- Directed by: Helfi Kardit
- Written by: Abbe Ac
- Produced by: Ody Mulya Hidayat
- Starring: Herfiza Novianti Rin Sakuragi Rizky Mocil Zidni Adam Shinta Bachir
- Cinematography: Nofi SY Kardit
- Edited by: Aziz Natandra
- Music by: Joseph S. Djafar
- Distributed by: Maxima Pictures
- Release date: December 31, 2009;
- Running time: 82 minutes
- Country: Indonesia
- Language: Indonesia

= Suster Keramas =

Suster Keramas is a 2009 adult horror comedy film From Indonesia, produced by Maxima Pictures and distributed by Maleo Pictures.
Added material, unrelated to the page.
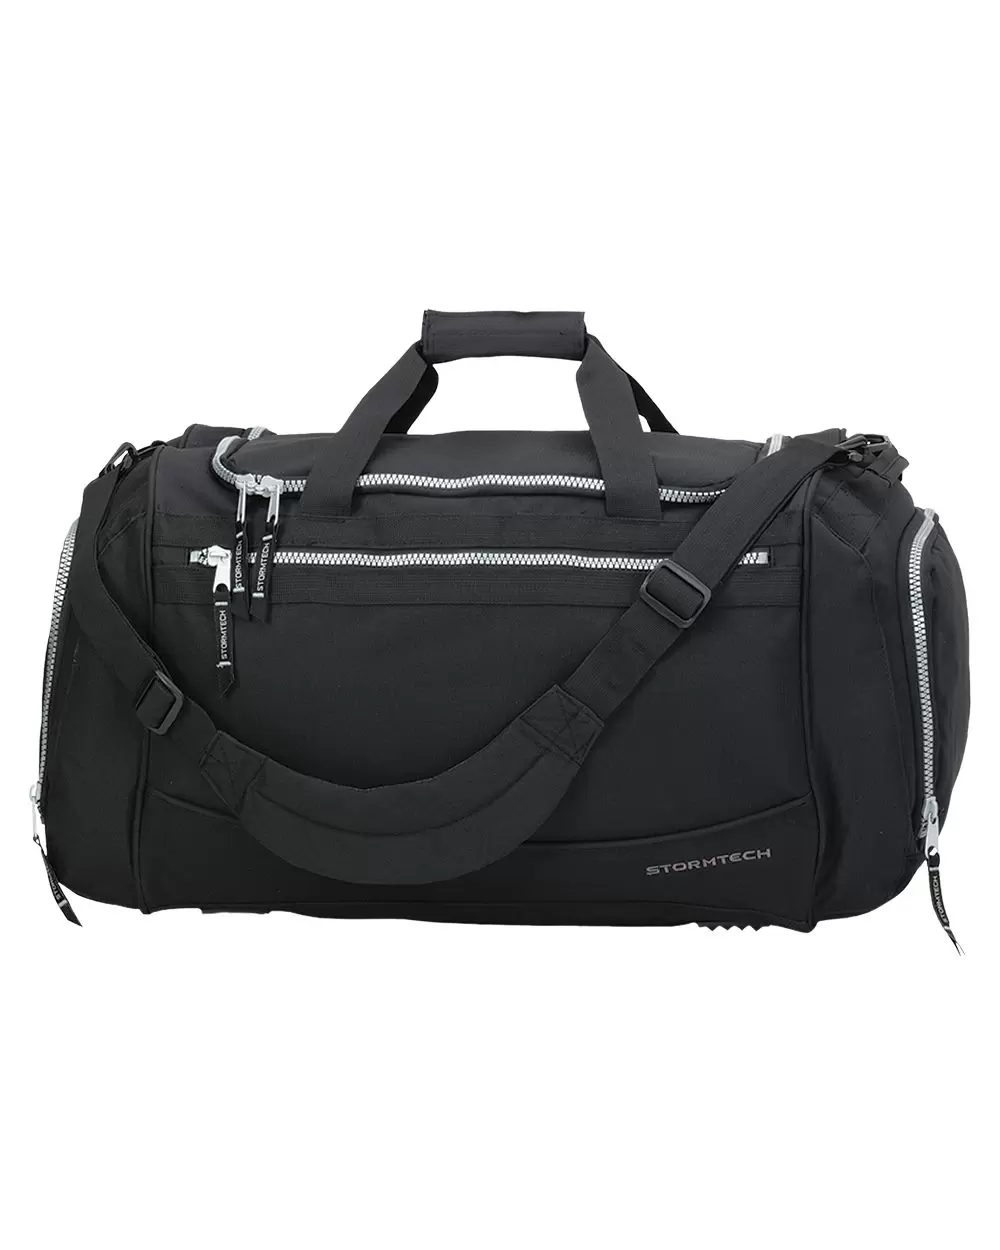 Stormtech CTX-1 45L Duffel Bag - From $20.31
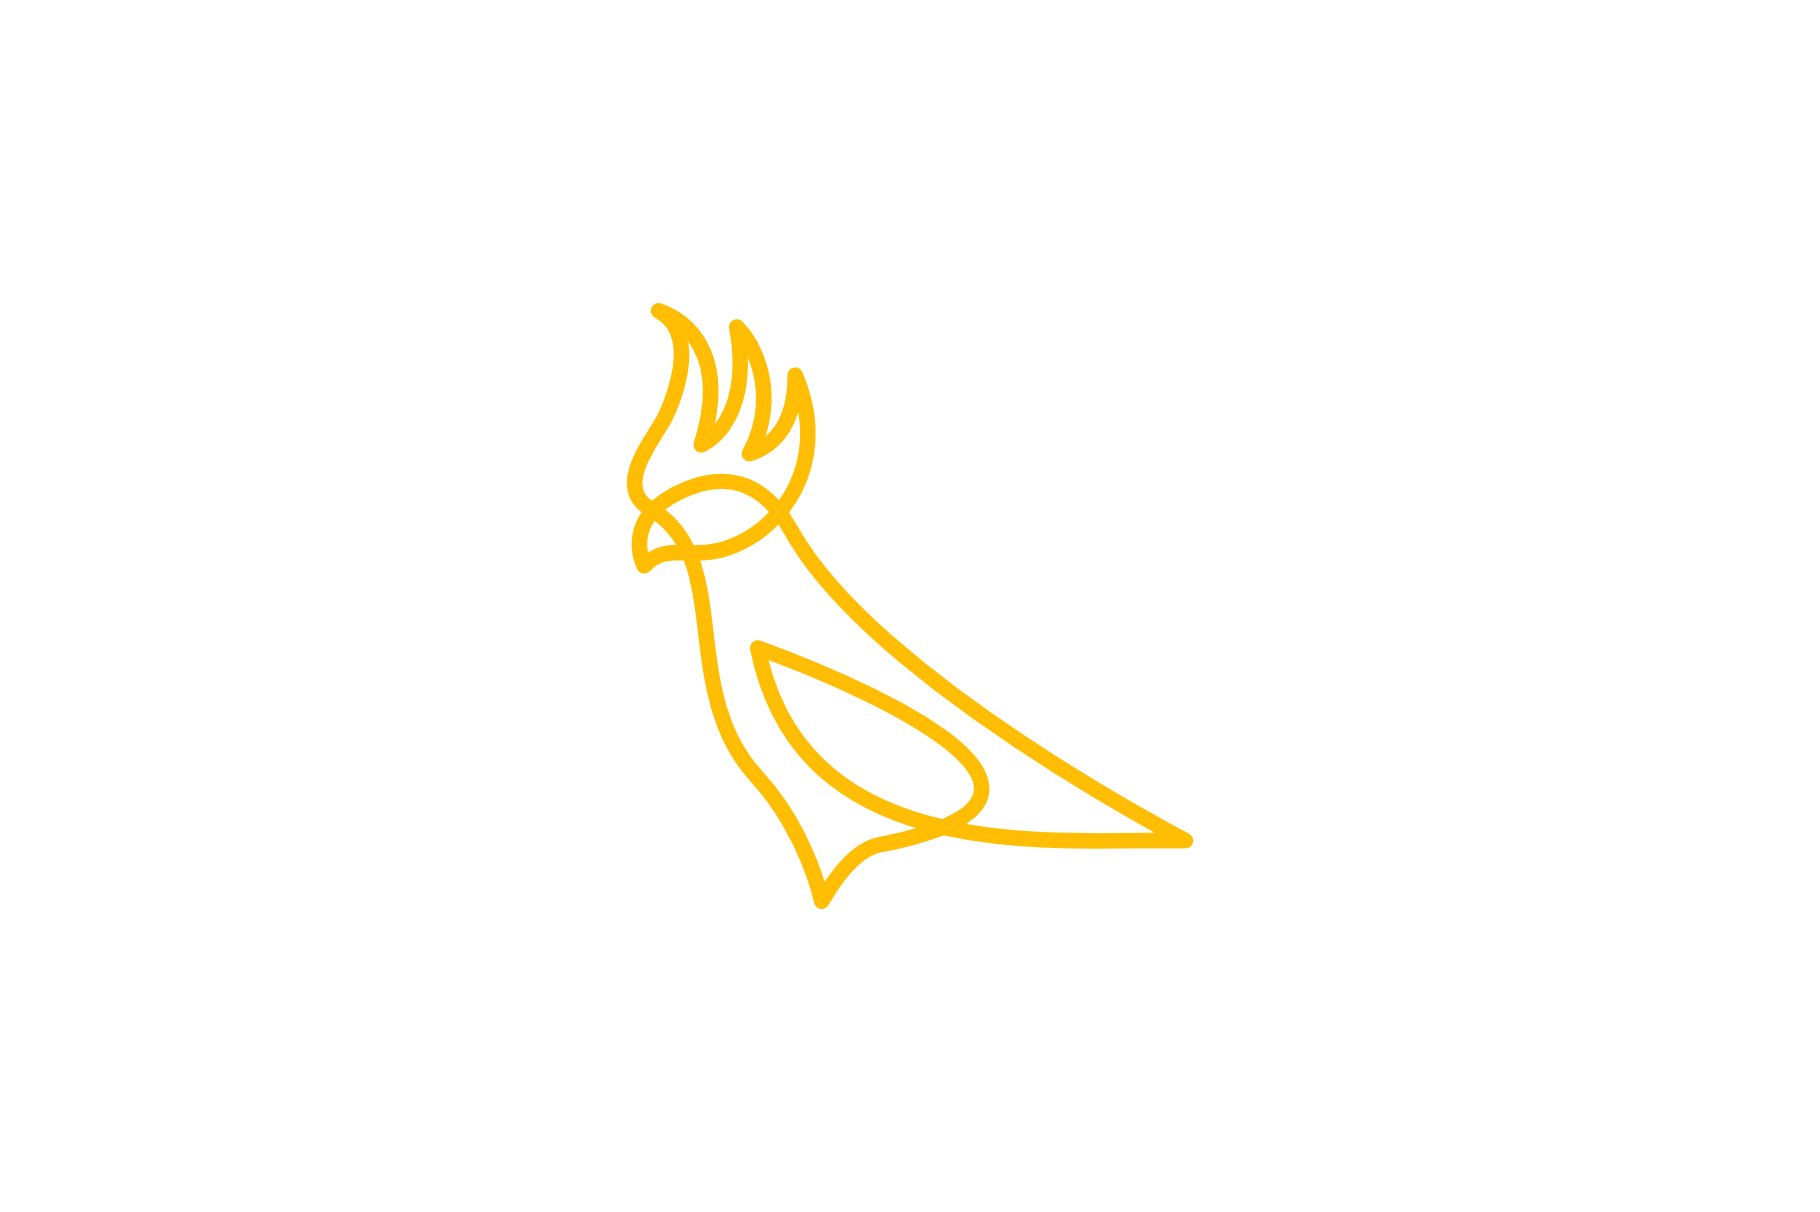 Parrot Monoline Logo preview image.

The film was directed by Helfi Kardit and starred Herfiza Novianti as Kayla, Shinta Bachir as Jeng Dollie and Rin Sakuragi as Mitchiko.

==Plot==
The film is about a Japanese tourist (Rin Sakuragi) to hand over a gift from her deceased father to his former Indonesian nurse. She was unaware that the nurse had perished and become a malevolent spirit. Meanwhile, three friends, Kayla, Barry, and Ariel, are disturbed by the ghost of a nurse.

==Cast==
- Herfiza Novianti as Kayla
- Rin Sakuragi as Michiko
- Shinta Bachir as Jeng Dolly
- Yadi Sembako as Mang Odong
- Alex Abbad as Roy Konak
- Rizky Mocil as Barry
- Zidni Adam as Ariel
- Bella Esperance as Suster
- Kitti Katrina as Ibu Tiri Kayla
==Production==
Filming was done in Puncak, Bogor.

==Release==
Suster Keramas was released in Indonesia on 31 December 2009 and sold more than 800,000 tickets, compared to other local films at the time that were unlikely to sell even 300,000 tickets. However, the film was controversial in Indonesia because of its sexual aspects.